Nicholas allowed himself an exaggerated sigh of exasperation. “Are you through now? Can we get on with our life? Or do you wish to discuss your damn herbs, Sophy’s latest decoction, or possibly the outlook for next year’s harvest?”
Julia began to giggle. “Oh, Nick, am I truly so perverse?”
“Damn right. I’d name a few other diverting topics but I hesitate to bring them to mind. You might actually take me up on it.”
Julia snuggled into her pillow. There was just enough light from the fireplace to reveal a naughty, self-satisfied smile. “And just why
did
you come to my bed tonight? Surely, you are in no condition for—”
“When a man comes naked to his wife’s bed, there’s usually just one reason,” the major purred, his mouth only inches from her lips.
“Precisely.” Julia scowled. The major groaned.
“How many times must I swear I love you?” Nicholas rasped. And idea dawned. “How could I love you as I did in our dreams and have it be merely lust? In dreams a man may roam where he will. And I came to you.”
Nicholas Tarleton admitting the reality of the inexplicable. At long last Julia believed him. She placed her hands, gently, on either side of his battered face. “But it was all a dream, Nicholas. I fear I need new lessons lest I forget what you taught me.”
With a sound which was a remarkable mix of a chuckle and a growl, Nicholas shed his robe and reached for the bed coverings. He savored drawing them back an inch at a time, his eyes moving slowly down from Julia’s generous mouth to her chin, her bare shoulders, the linen so fine he could see her rosy nipples peeking through.

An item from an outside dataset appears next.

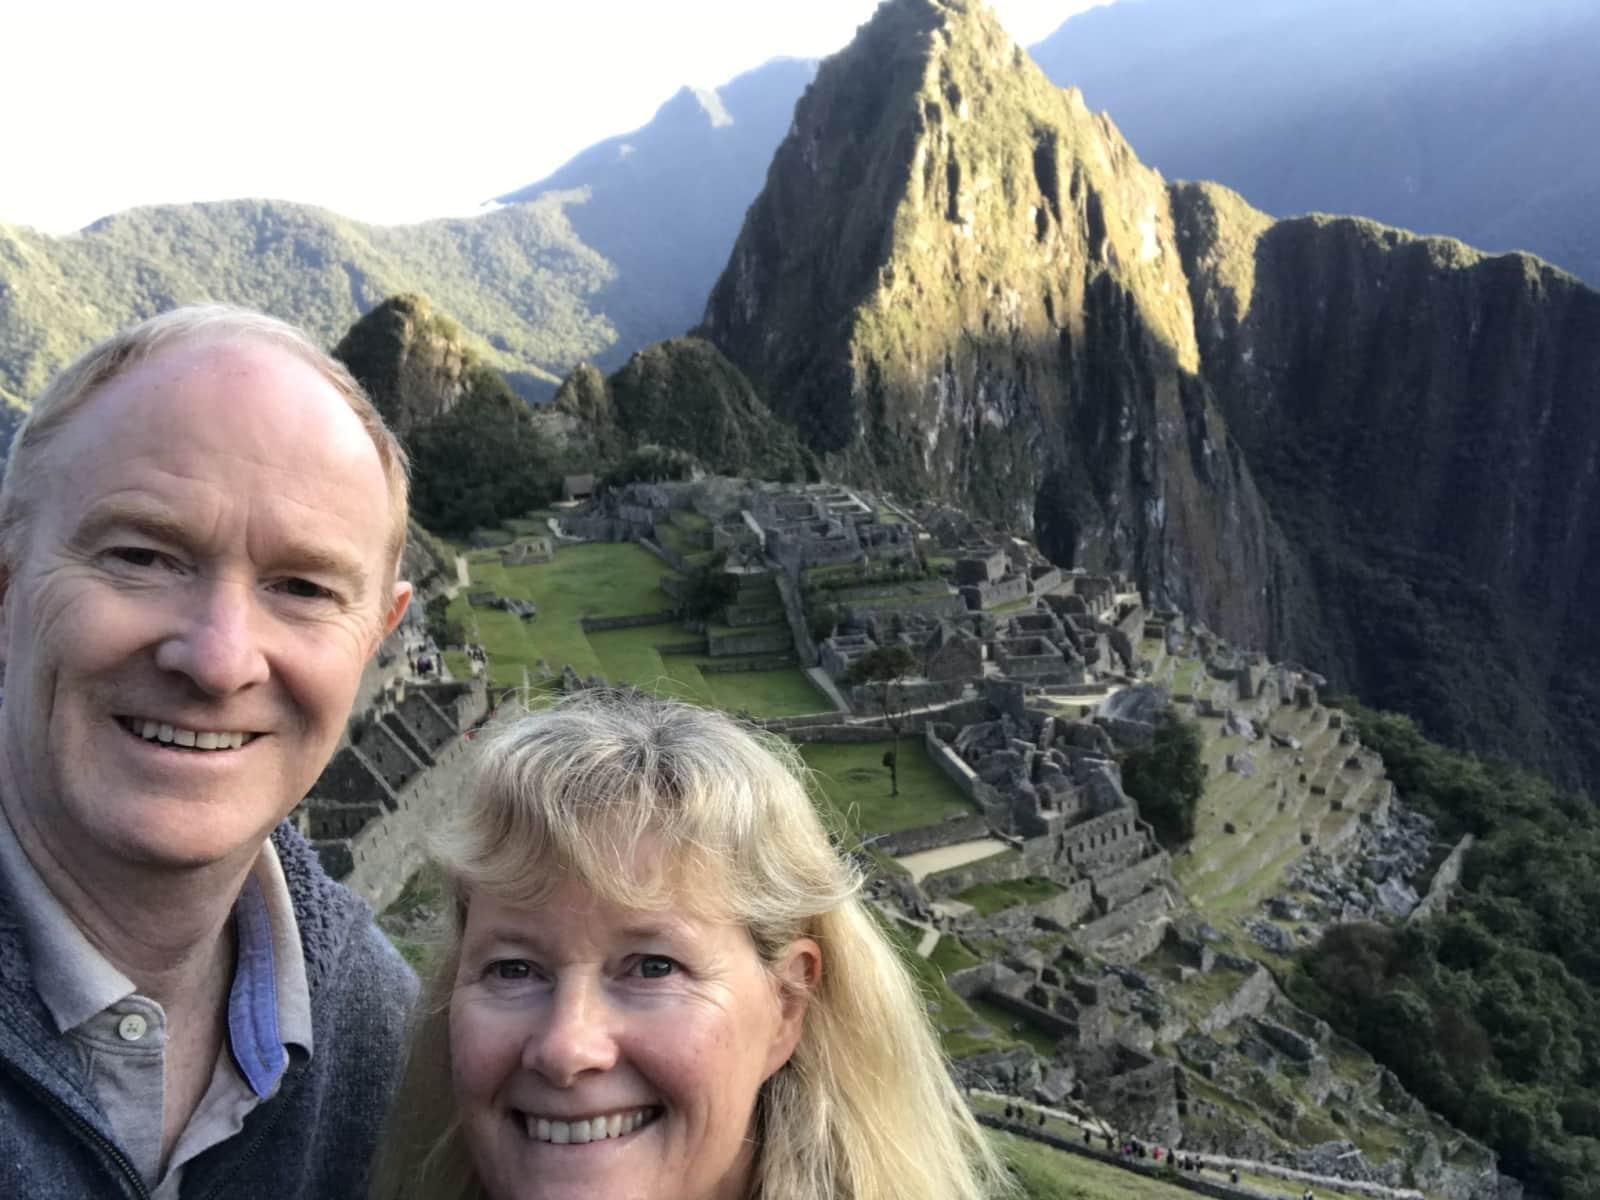 Neil & Helen from Dublin, Ireland

She gasped as his hand followed the route of his eyes, teasing, kneading, promising. Far from steady when he slipped the wisp of fabric off one shoulder. His lips traced a butterfly course from mouth to neck to shoulder, finally fastening on her breast, sucking as if on the milk of life. As gently as if she were a virgin, his hand moved down her body, found the hem of her gown, moved up her inner thigh, ever so slowly, until he touched the core of her desire.